▶ [Directions]:
All of the data that follows is to be written out exactly, with images excluded.

▶ [Recorded information]:
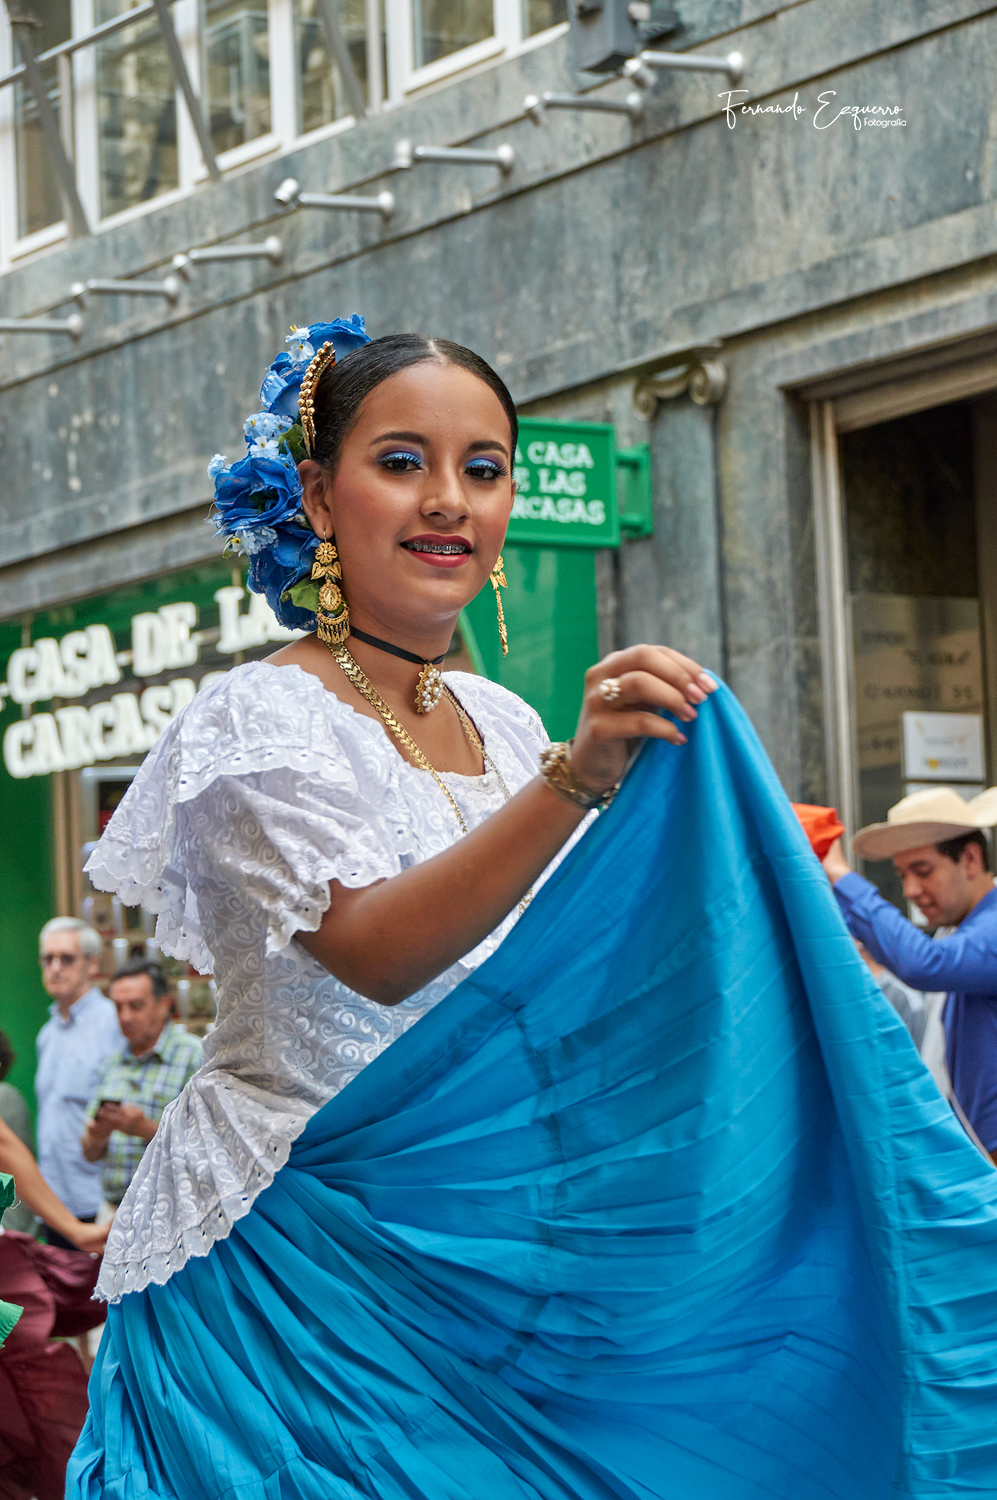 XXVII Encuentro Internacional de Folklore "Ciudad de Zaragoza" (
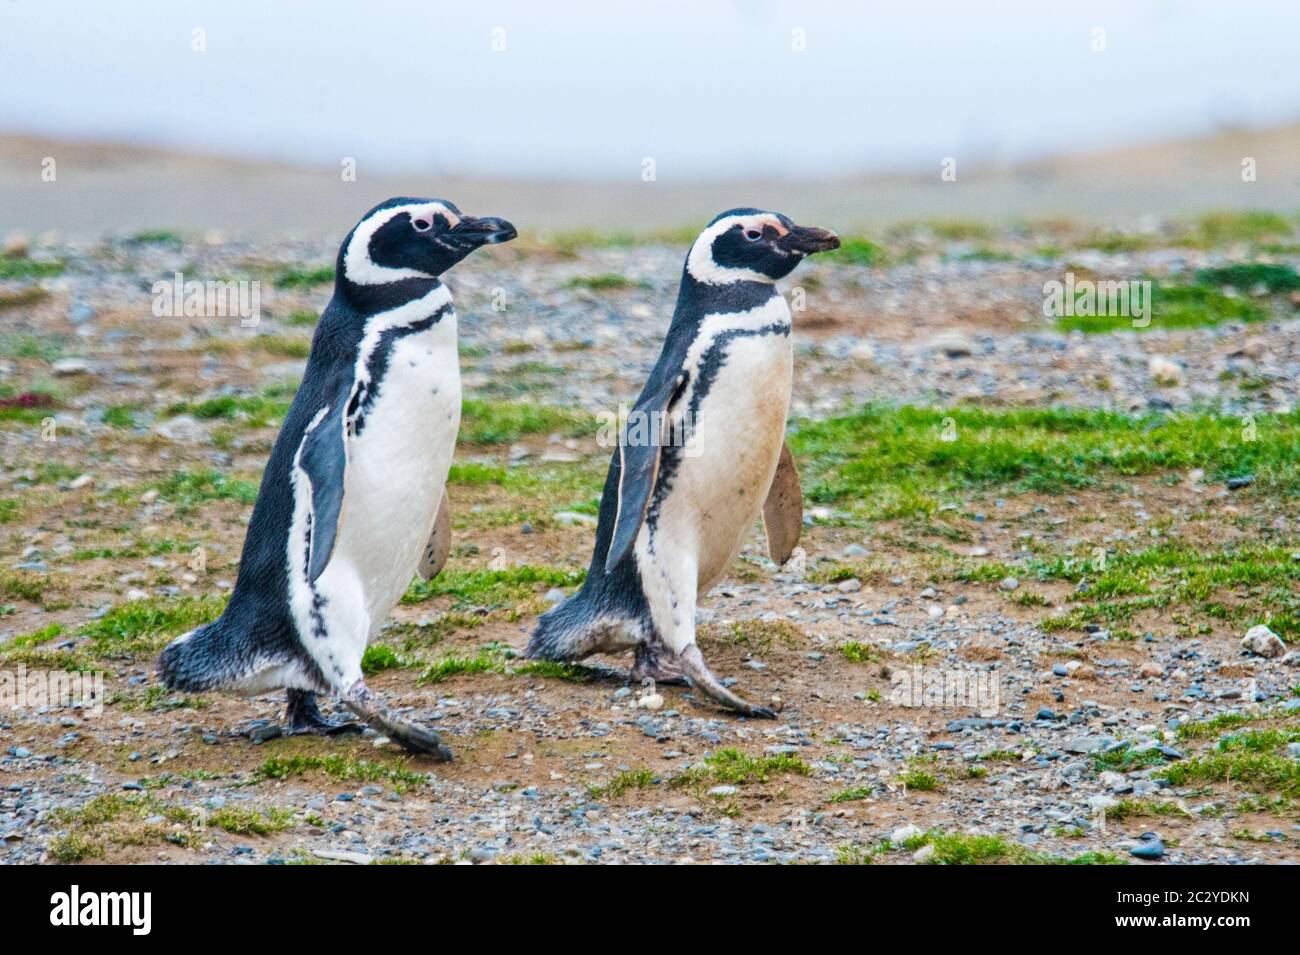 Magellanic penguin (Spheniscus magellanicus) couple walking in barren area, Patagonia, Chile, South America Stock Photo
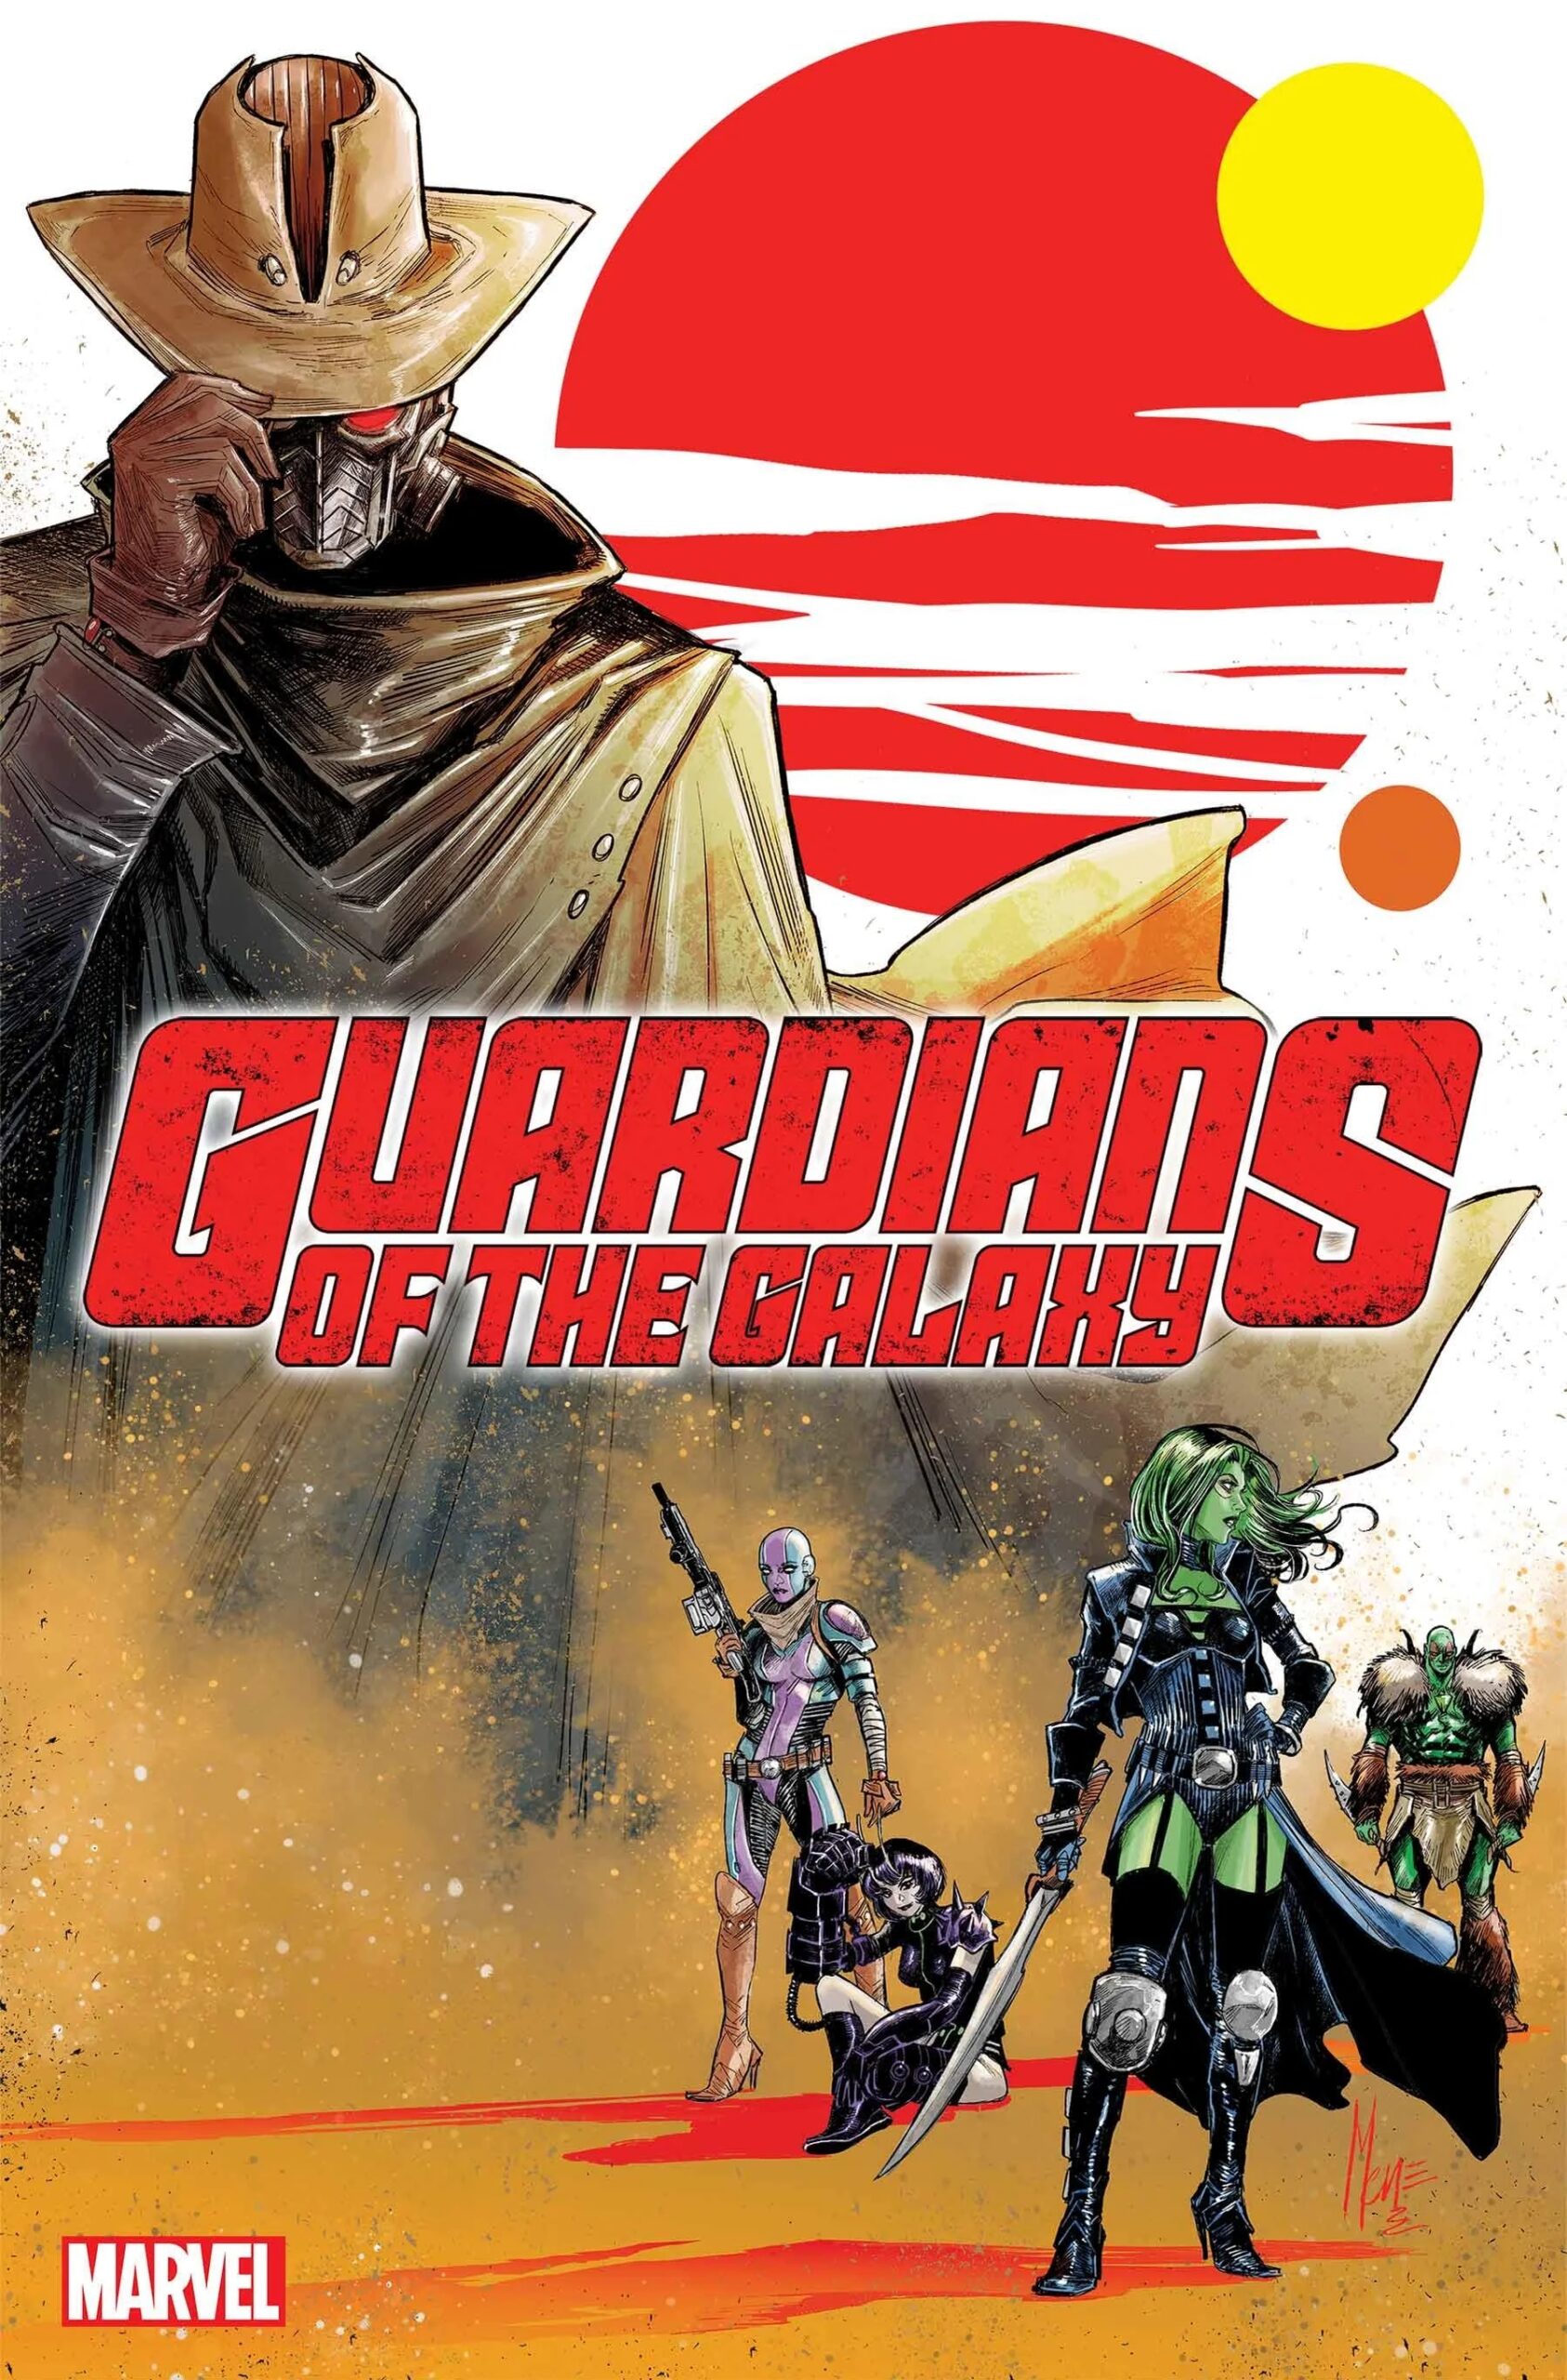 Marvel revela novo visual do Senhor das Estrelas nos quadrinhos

▶ [Result below]:
 XXVII Encuentro Internacional de Folklore "Ciudad de Zaragoza" (
 Magellanic penguin (Spheniscus magellanicus) couple walking in barren area, Patagonia, Chile, South America Stock Photo
 Marvel revela novo visual do Senhor das Estrelas nos quadrinhos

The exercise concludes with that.